Dean Spade (born 1977) is an American lawyer, writer, trans activist, and associate professor of law at Seattle University School of Law.

Background
In 2002 he founded the Sylvia Rivera Law Project, a non-profit law collective in New York City that provides free legal services to transgender, intersex and gender non-conforming people who are low-income and/or people of color.

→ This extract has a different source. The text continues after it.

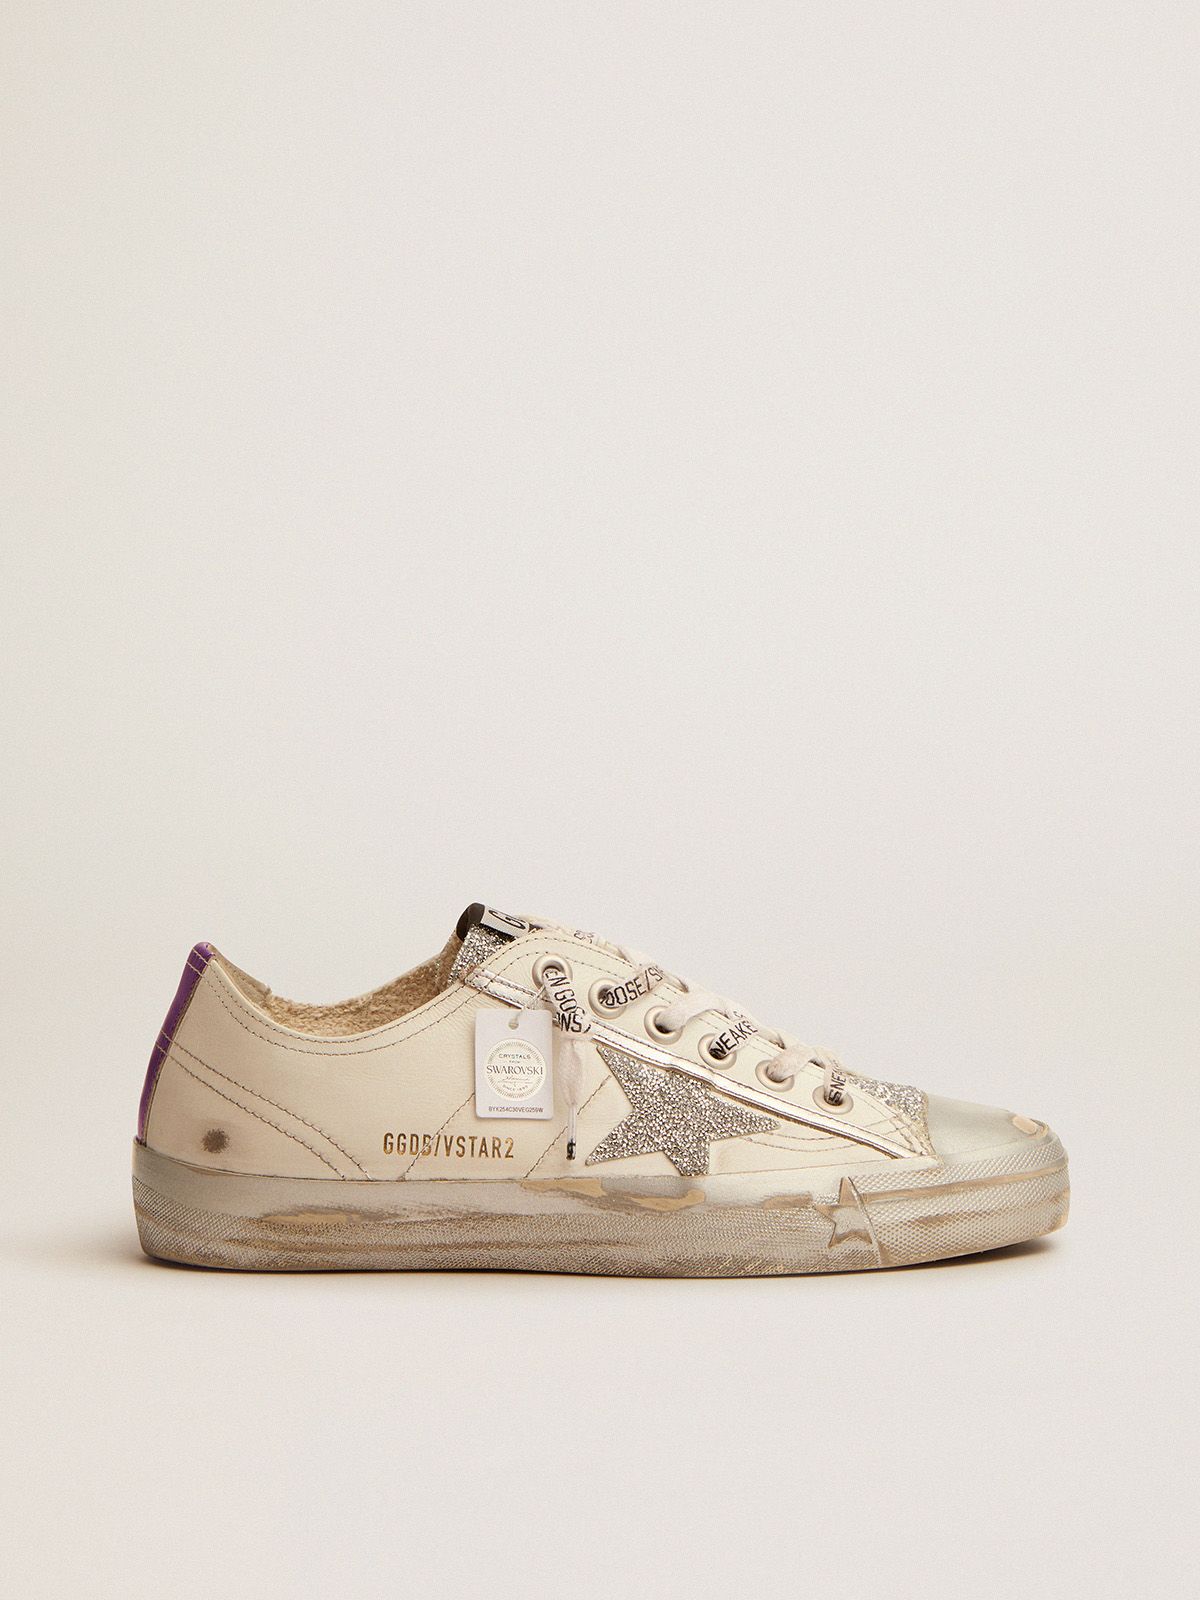 V-Star LTD sneakers in white leather and crystals

Spade was a staff attorney at SRLP from 2002 to 2006, during which time he presented testimony to the National Prison Rape Elimination Commission and helped achieve a major victory for transgender youth in foster care in the Jean Doe v. Bell case. Spade was also involved with the campaign in 2009 to stop Seattle from building a new jail.

The Advocate named Spade one of their "Forty Under 40" in May 2010. Utne Reader named Spade and Tyrone Boucher on their list of "50 Visionaries Who Are Changing Your World" in 2009, for their collaborative project Enough: The Personal Politics of Resisting Capitalism.

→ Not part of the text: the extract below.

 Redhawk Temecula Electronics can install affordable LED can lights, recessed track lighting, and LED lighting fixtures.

Spade was the 2009-2010 Haywood Burns Chair at CUNY Law School, the Williams Institute Law Teaching Fellow at UCLA Law School and Harvard Law School, and was selected to give the 2009-2010 James A. Thomas Lecture at Yale Law School. He received a Jesse Dukeminier Award for the article "Documenting Gender". Spade has written extensively about his personal experience as a trans law professor and student. This includes writings on transphobia in higher education as well as the class privilege of being a professor. He has also written about the limitations of the law's ability to address issues of inequity and injustice. His research interests have included the impact of the War on Terror on transgender rights, the bureaucratization of trans identities, models of non-profit governance in social movements, and the limits of enhanced hate crime penalties. His first book, Normal Life: Administrative Violence, Critical Trans Politics, and the Limits of Law, was released in January 2012 from South End Press and nominated for a 2011 Lambda Literary Award in the category of Transgender Nonfiction.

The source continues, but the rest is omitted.